Step 2 – Wash + block your swatch

It’s very important to wash and block your swatch as you would your finished knit. Use the same detergent you would use for your knit. If you plan on “hard blocking” your knit with pins (usually reserved for lace, to open up the pattern), then hard block your swatch. Above is a swatch I created for my review of Harborside Aran. Since it was lace, you’ll notice I hard blocked with pins spaced evenly around the swatch. As you see below, it made a huge difference in the swatch!


For the stockinette swatch, I don’t want to do a hard block. I don’t want to stretch out my knitting. I want my fingerless mitts to fit and the wool to hold its memory. So, no stretching or pins necessary!

un unwashed gauge swatch curling on the blocking board

With my swatch finished, it’s time to give it a wash.  You can see above it’s kind of curly! (Note: Despite more than a decade of knitting experience, I neglected to make the garter edge along the bottom long enough. It just goes to show that you never stop learning from your own mistakes! Three garter rows was not enough! I added more garter to the top, but as you can see it’s still quite curly.)

To wash the swatch, I filled my bowl with room temperature water with a tiny drop of my detergent. I want to wash my swatch exactly as I would wash my finished knit.
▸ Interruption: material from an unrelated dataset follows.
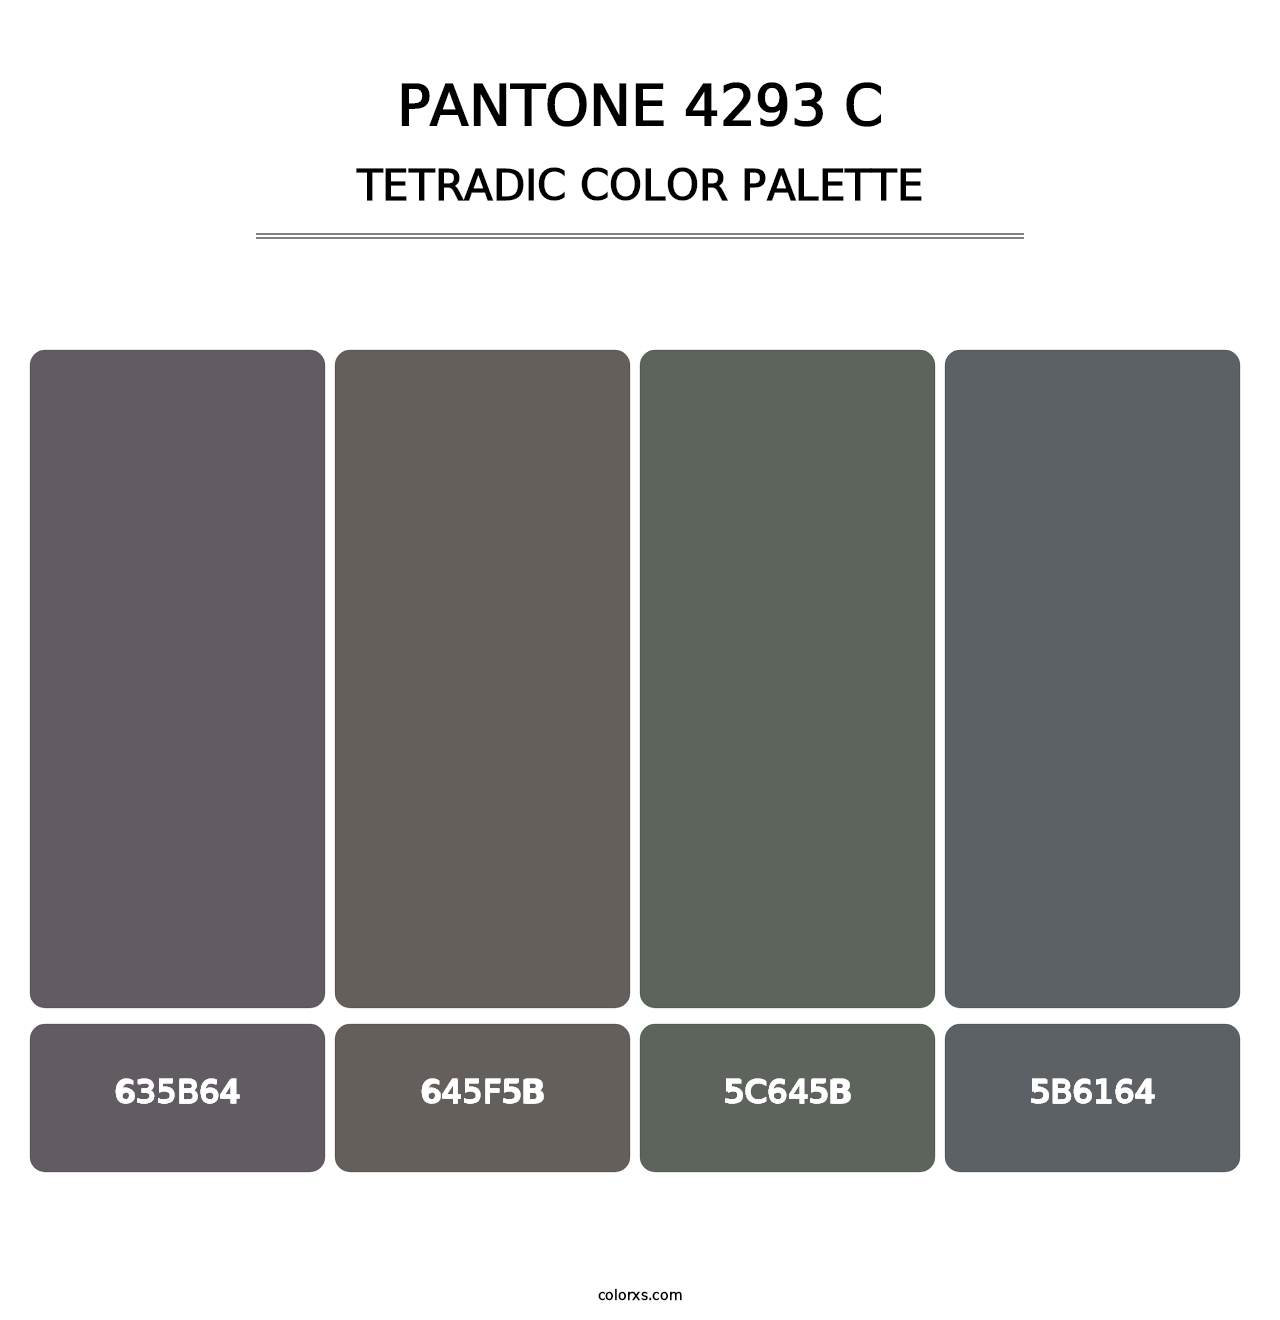 PANTONE 4293 C - Tetradic Color Palette

I want the fabric to behave and react the same so there are no surprises! (below)

 a small gauge swatching soaking in water in a blue bowl

After a short, 15-minute soak, I press the water out of my swatch (gently!). Rolling it into a hand towel and pressing really helps extract the water. Then, I simply lay my swatch out on the blocking board to dry. Look how much flatter it lies after a wash (below).

a washed gauge swatch knit in stockinette stitch with a garter border

Now to wait for it to dry!


Step 3 – Measuring your swatch

Now that it’s dry, it’s time to measure my swatch. Here’s where the pins come in. (And where you also learn why we went for 1.5x the number of stitches!)
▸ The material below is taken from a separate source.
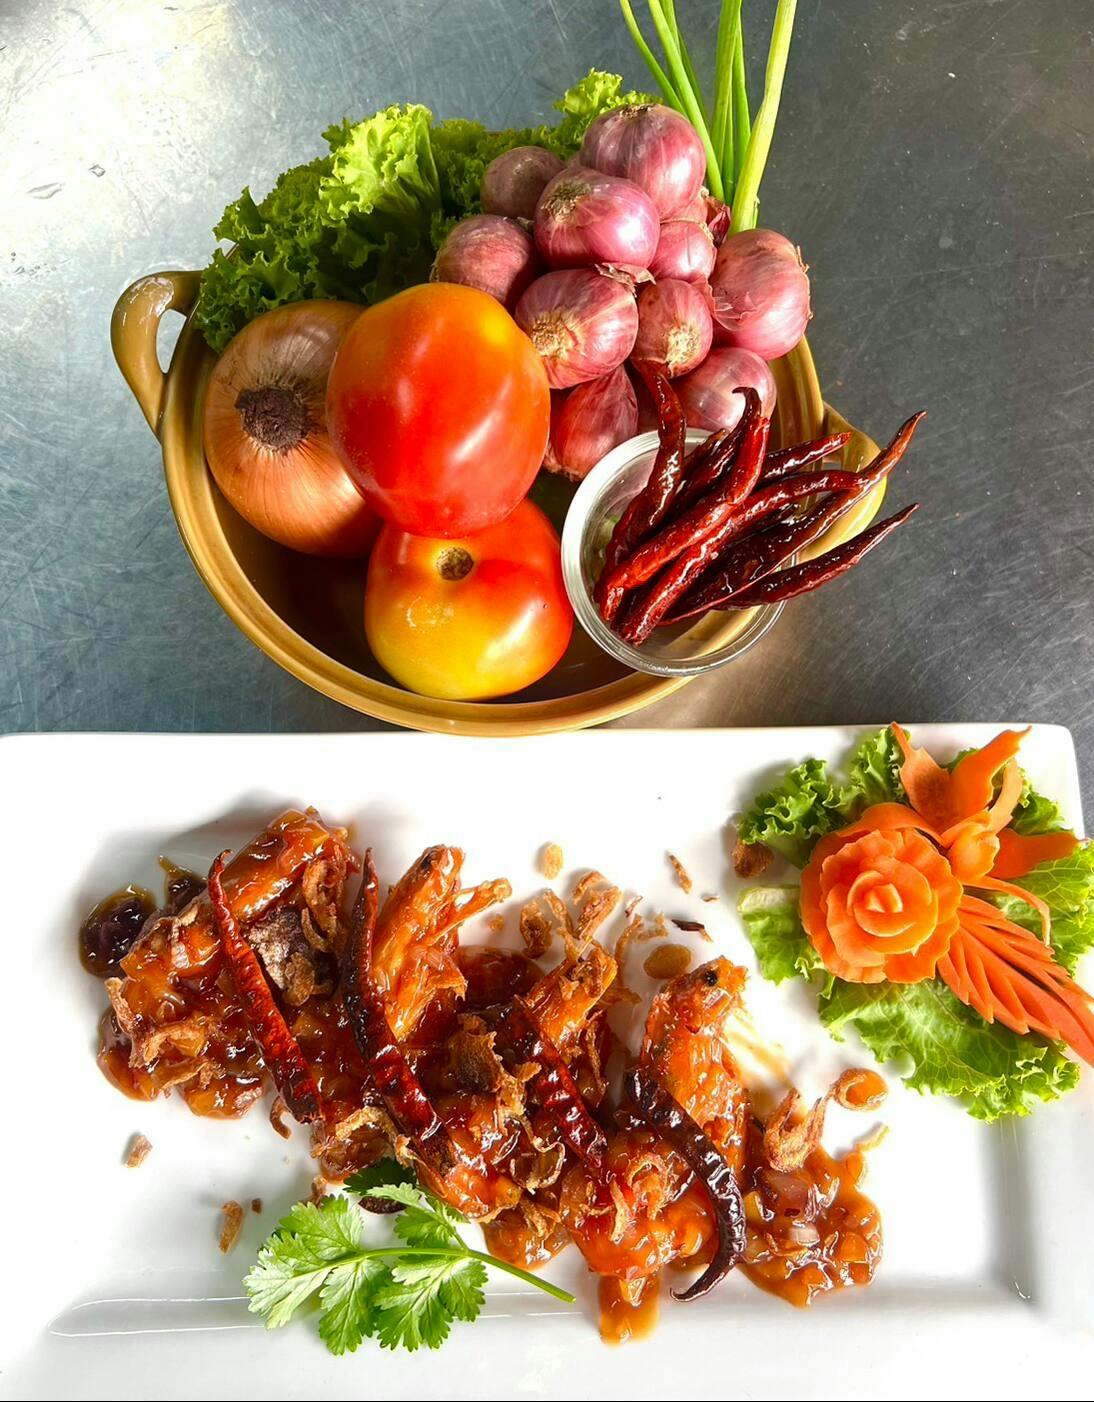 Half-day Krabi Sukhothai Cooking Lesson

I choose a stitch that is several stitches in from the edge and place a pin. Using my hard ruler, I measure 4 inches from that stitch and place another pin (this ruler measures in cm, so I measured to 10.16). I do the same thing for rows, placing pins 4 inches above and below the first set of pins. Pins hold your swatch in place and help you measure evenly.


a quad of photos showing how to pin and measure a knit gauge swatch

It should be apparent why we cast on 1.5x the number of stitches. You want enough room all around your swatch to account for any edge-related wonkiness. The middle group of stitches should offer the most honest representation of your gauge.

Why the hard ruler? 

This is a personal preference, but I like a hard ruler. A hard ruler won’t flip or stretch. It can be hard to take a stable, even measurement with a tape measure. Again, this is personal preference. If all you have is a tape measure, that’s fine!

Now, take your measurements! According to my swatch, I have a gauge of 24 sts x 36 rows = 4″. I like to move the pins around and take measurements in different areas of the swatch, just in case.

Step 4 – What if I don’t get the right gauge?

knit gauge swatch

I’m surprised that I knit below gauge, as I consider myself a tight knitter. But, the fabric definitely bloomed and relaxed after I washed it so it’s not a huge surprise.

If you find your stitch count is below gauge (like mine! So, 24/26 sts = 4″ instead of 28 sts = 4″), try a smaller needle. You may be a loose knitter!

If you find your stitch count is above gauge (so, 30 sts = 4″ instead of 28 sts = 4″), try a larger needle. You may be a tight knitter!

Repeat the steps above to make another swatch with your new needle size and check your gauge!

In my case, I got below gauge so I will need to try US size 3 needles. I might also try switching to wood or plastic needles as they are a bit grippier and can help me tighten up my gauge.

We hope this post helps you master the gauge swatch. And, encourages you to always make a gauge swatch!